# 20 reasons



## AppleDucklings (Mar 27, 2011)

A list of reasons why I am leaving him 
1. He has been unfaithful in the past and is now currently being unfaithful. 
2. He has lied repeatedly to me. 
3. He has broken our marriage vows 
4. He has shown no true remorse or regret 
5. He has betrayed my trust 
6. He insults my intelligence 
7. He does not care about my needs 
8. He makes no effort for my needs 
9. He is not a good example of what a man, husband and father should be 
10. He blames others for his actions. He takes no self-responsibility. 
11. He is manipulative 
12. He is deceptive 
13. He has emotionally abused me 
14. He neglects my need for conversation 
15. He puts objects (phone, games) before me. 
16. He puts other women before me. 
17. He has betrayed our children by betraying me. 
18. He takes me for granted 
19. He makes no initiative to keep our marriage strong 
20. He very rarely ever compliments me.


----------



## 2nd_t!me iz_best (Feb 28, 2011)

a few of them are enough reason by themselves.

that is quite a list you let him get away with at least for some time.

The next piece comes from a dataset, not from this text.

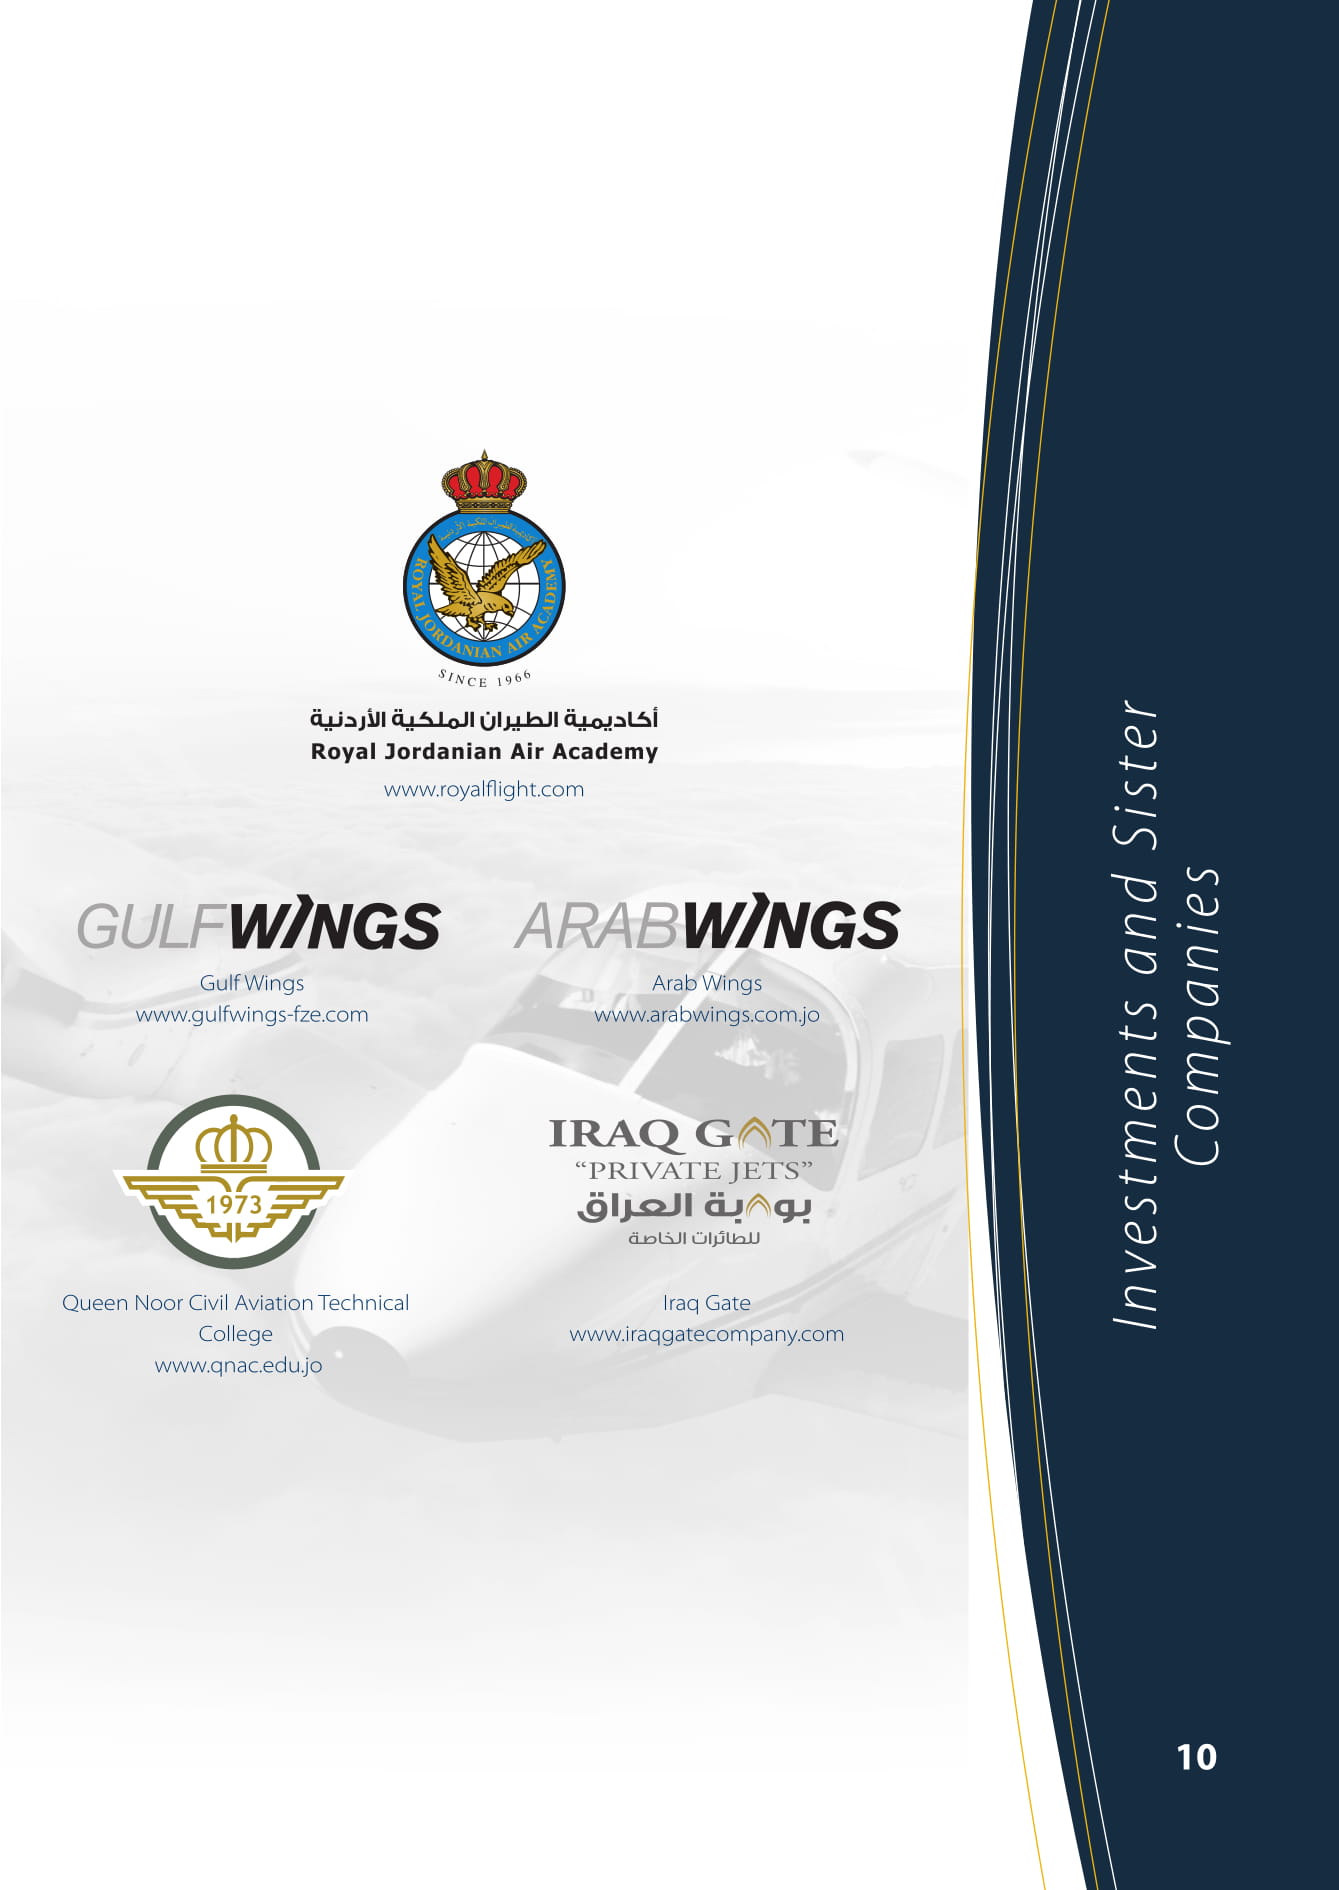 Royal Jordanian Air Academy | Academialeb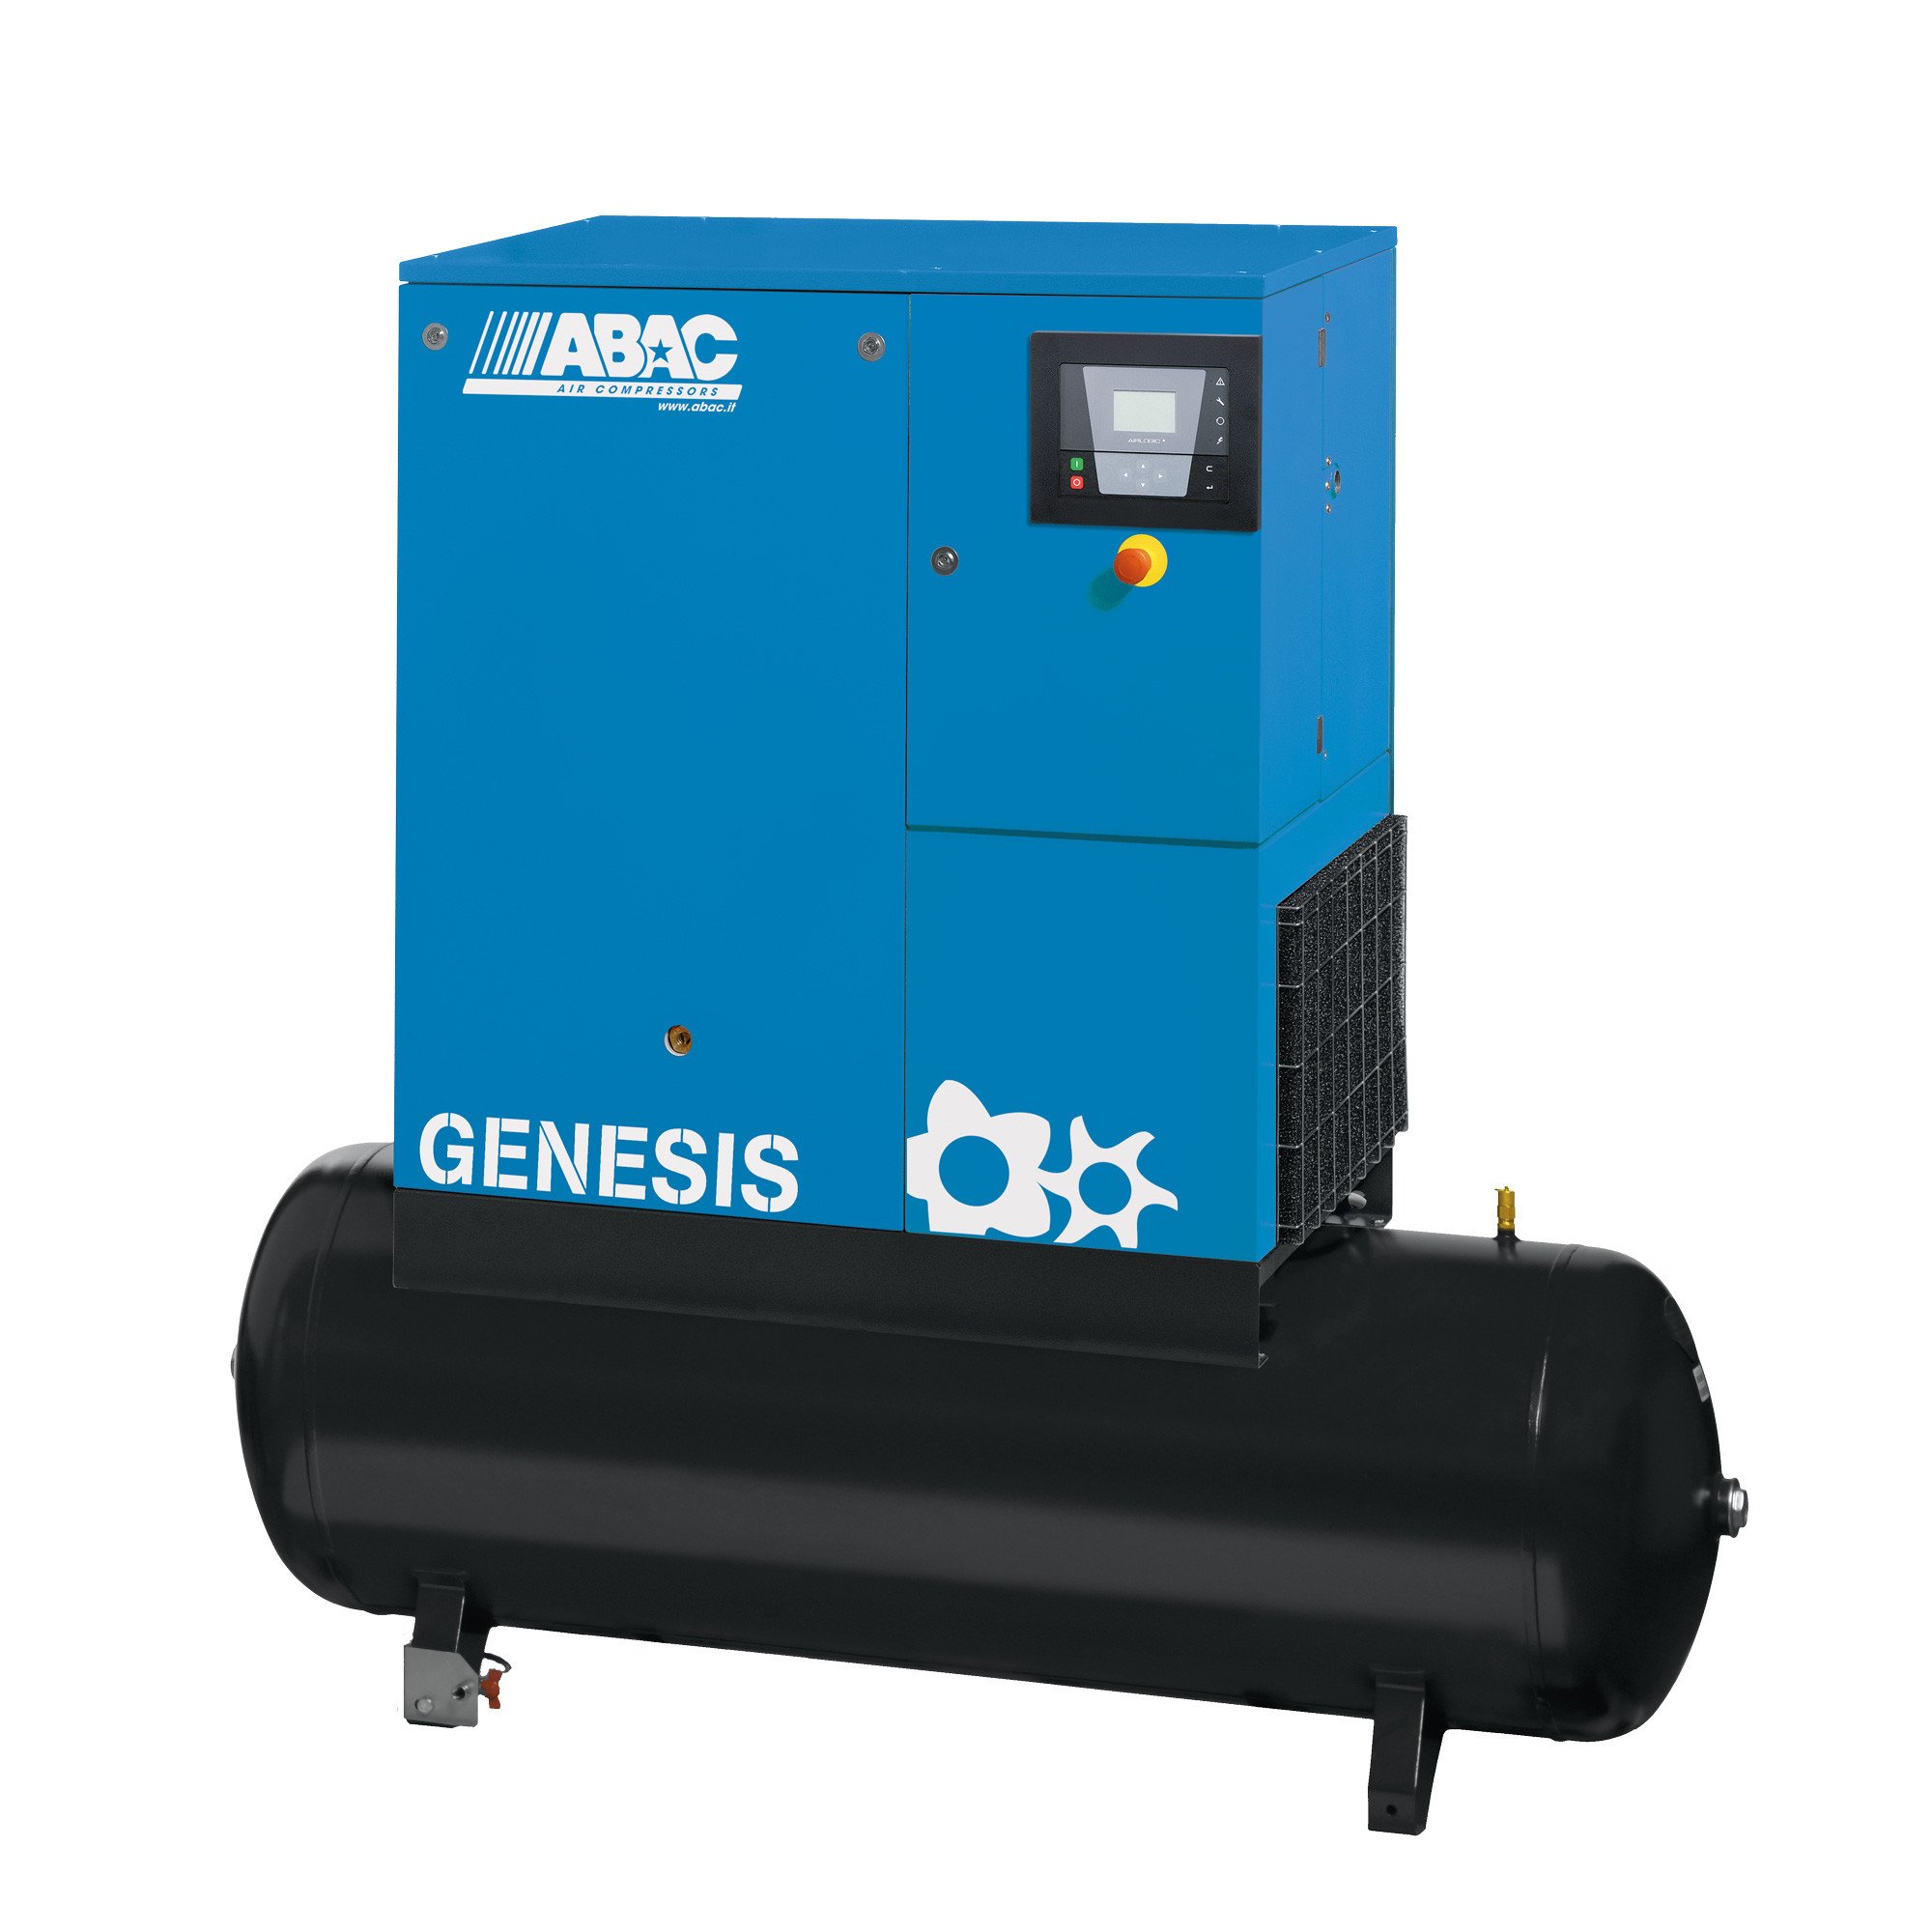 ABAC Genesis 500L, 52.7 CFM, 11千瓦固定转速螺杆空压机

i think you should be able to find someone that is better than that if you so choose.

good luck to you.


----------



## paramore (Jan 11, 2011)

Girl if you want to save this, then save it, if you are done be done, but don't make a decision out of emotion, if you know he is being unfaithful, which following your other threads, I know you do, make him leave, it's quite possible that this can be saved, but you need to think of YOU and your beautiful children, for instance, if I find anything in our cell call logs around april 10th, he is gonna have to leave, until he commits....in my case I won't be the one to call it quits, he is the one that is gonna get the ball rolling.


----------



## Jellybeans (Mar 8, 2011)

Apple, do not leave the marital home (from a legal and practical standp;oint it would be no good).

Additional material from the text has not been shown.